Don't forget this site is pretty well global now, what's works in your area, doesn't in others.

Bill


----------



## Antlerart06 (Feb 28, 2011)

I like Commercial there always a place to pile snow Driveways you always run out room after first 15''
Plus 1 small Commercial lot price = to 4-5 driveways and Less driving around On driveways my self don't get to do much salting 

Less backing up in tight areas to


----------



## MSsnowplowing (Nov 1, 2012)

When I started I looked at the market and decided to go strictly commercial. 

Too many guys with plows on their trucks doing Resid. for $20 to $30 a pop.

While I found commercial is a bit harder to start in, once it gets going and you get your name out there and show that your dependable and do good work it starts rolling.

I try to stay around 12 to 15 contracts a year, I could take on more and much bigger contracts but that just increases the PITA factor. 

12 to 15 a year keeps me and my guys busy, makes us some money, and we don't have to deal with major PITA issues.

I don't have a ulcer, I don't worry during big storms, I know we can handle anything and get the job done -(Nemo was the test and we passed it with flying colors, every one of our contracts was done and blacktop by Sunday afternoon, even if no one could get to their properties till Monday/Tuesday because the state was still closed down)

I say for anyone starting out, try for a 50/50 mix of the two and see what is best for you and what your area supports better.


----------



## 1olddogtwo (Aug 6, 2007)

I don't even plow her side of the driveway..... she's has a shovel.....LOL. 

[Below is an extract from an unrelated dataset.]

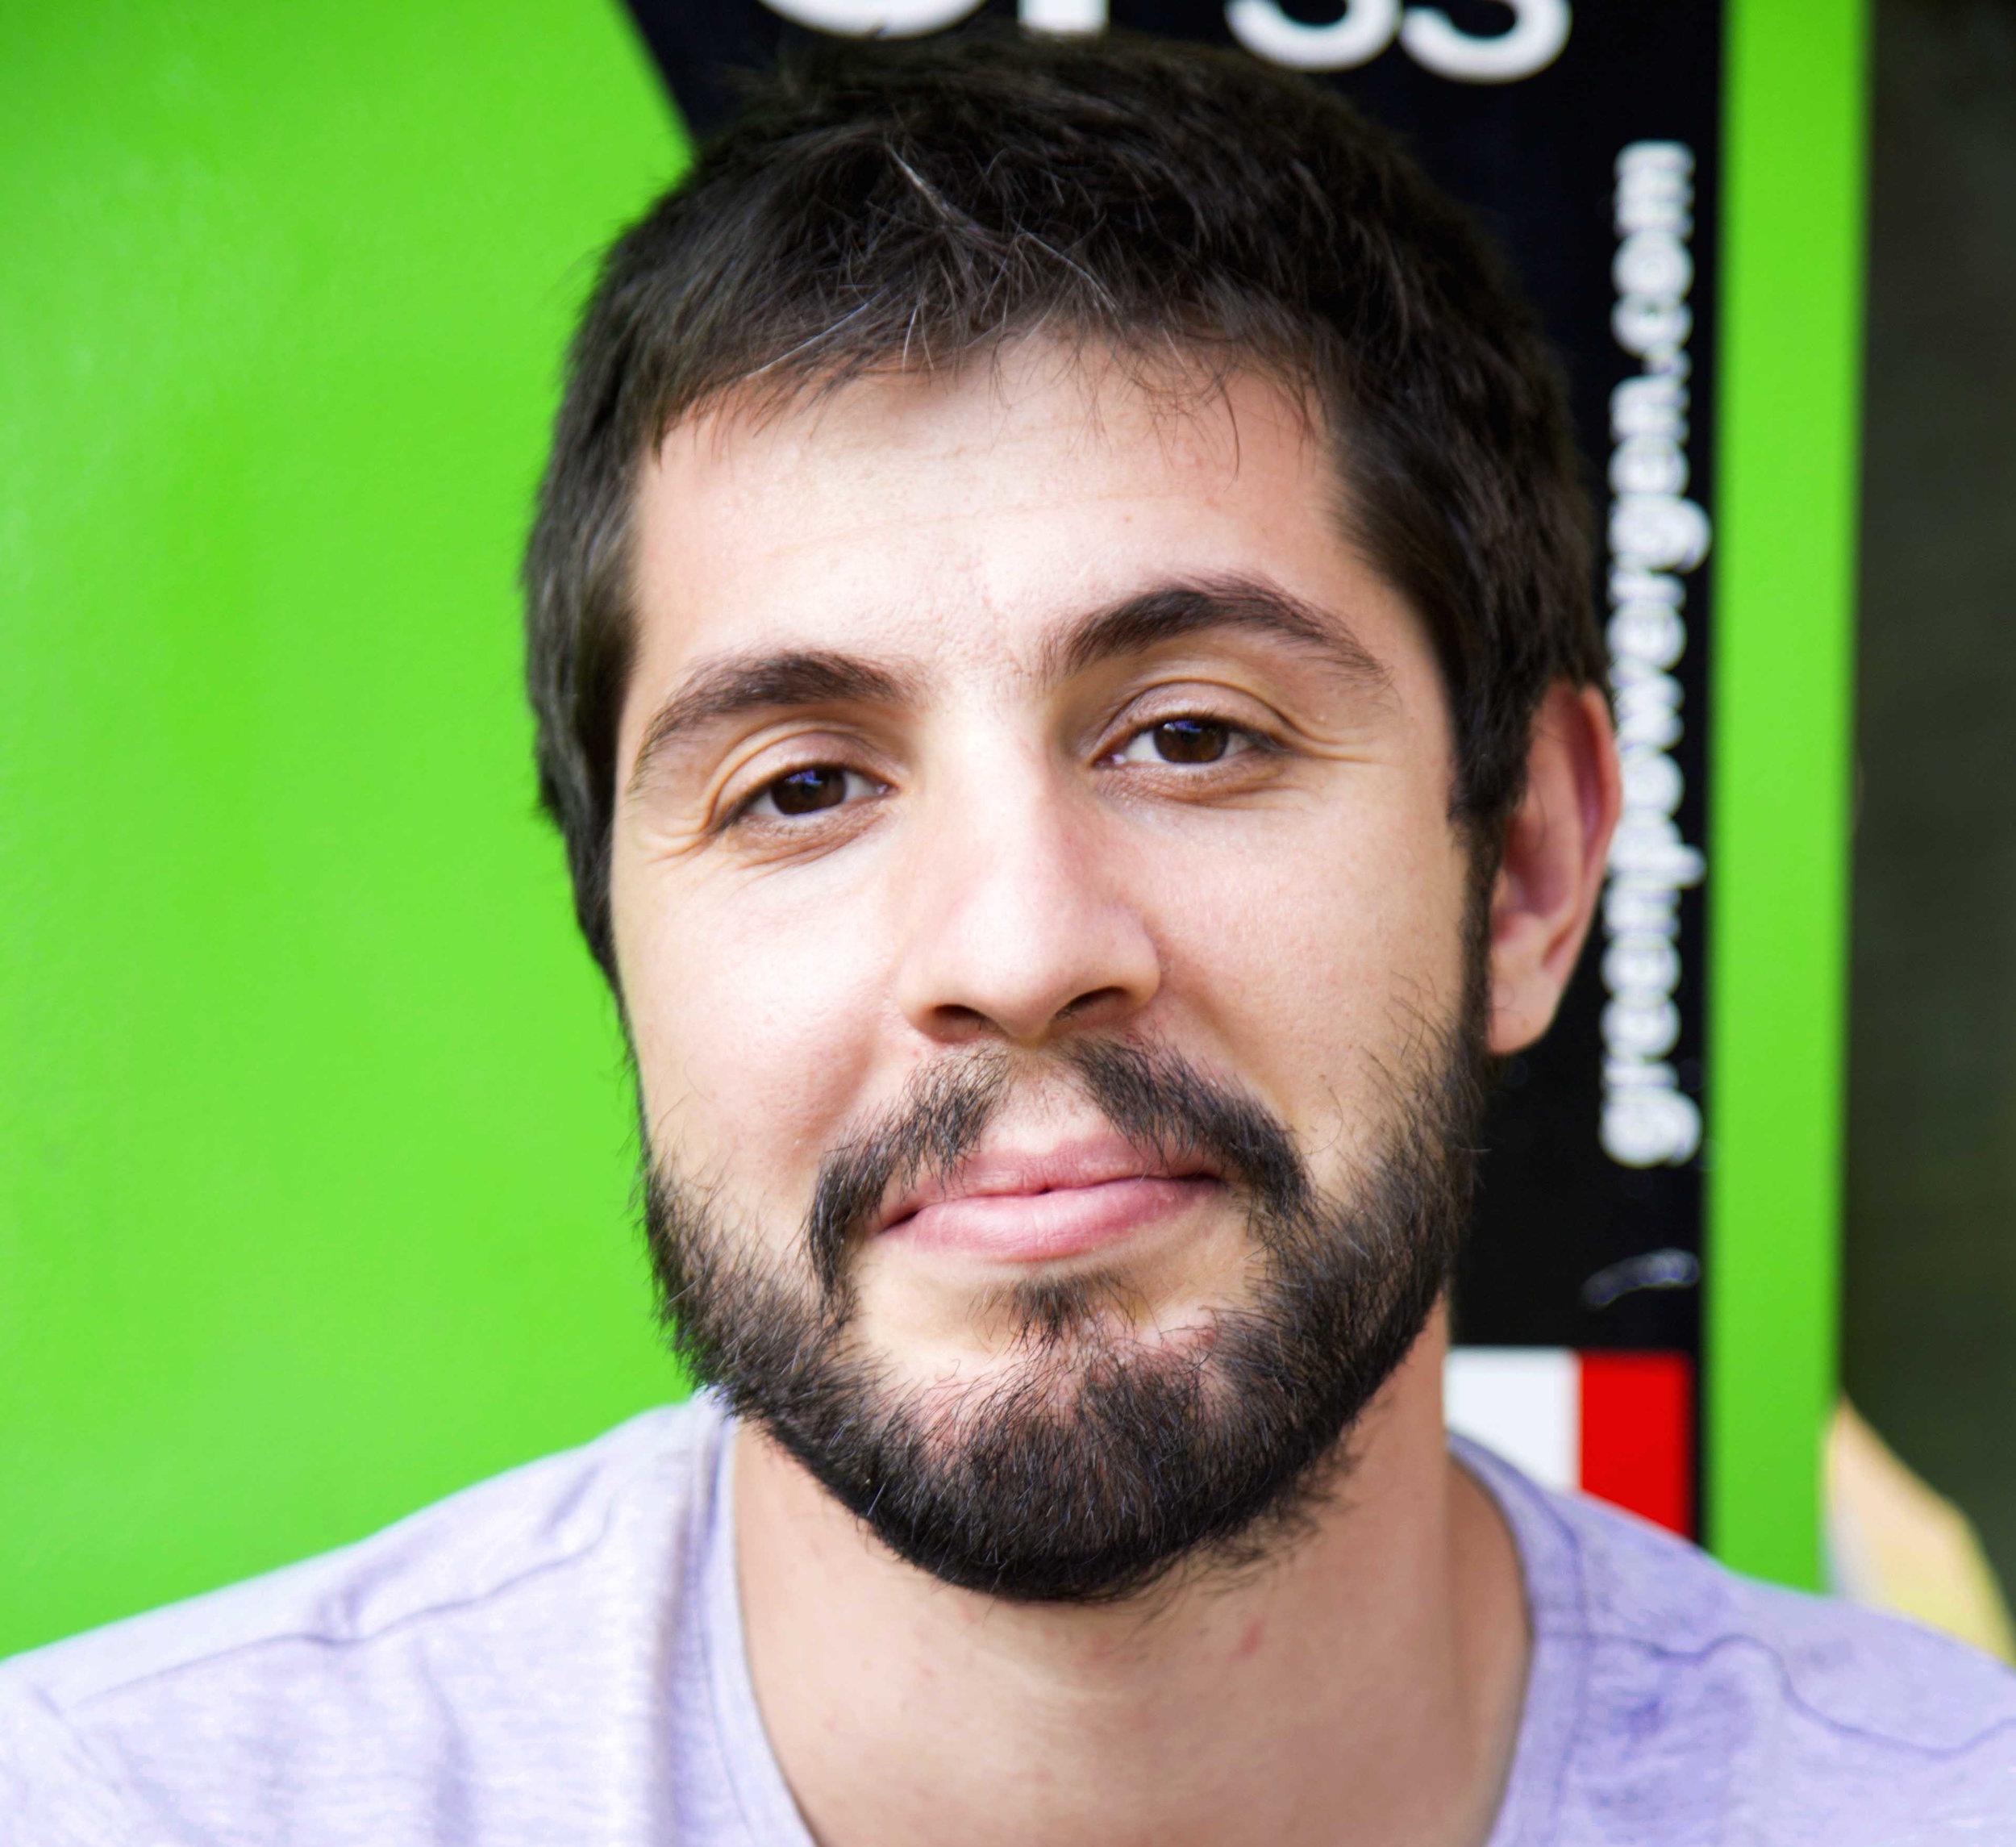 Tristan Kochoyan, Power:On founder

I have a few on call that want the heavy snow plowed. I charge them plenty cause I don't want them, but the pocket cash is nice.


----------



## 94gt331 (Oct 21, 2011)

Everyone has good points here, and I think it just comes down to what your comfortable dealing with. For me snow removal is a extra income in the winter time to help pay the bills etc. I do enjoy doing snow removal but I work hard 9 months landscaping that I guess I don't want a huge snow removal operation to increase my stress level. Last year I gave up 8 or so nice commercial lots to lessen my burden and I feel better now. We maintain 44 locations and 30 are driveways, the rest are comercial and apts etc and private lanes. There's pros and con's to each side. If I was geared toward a succesful snow operation I would only do commercial seeing you can make larger amounts of money and I think it's easier on your equiptment also. I kind of like the resedential side right now and maybe some day that might be all I do. Maybe get a tractor and a blower too.


----------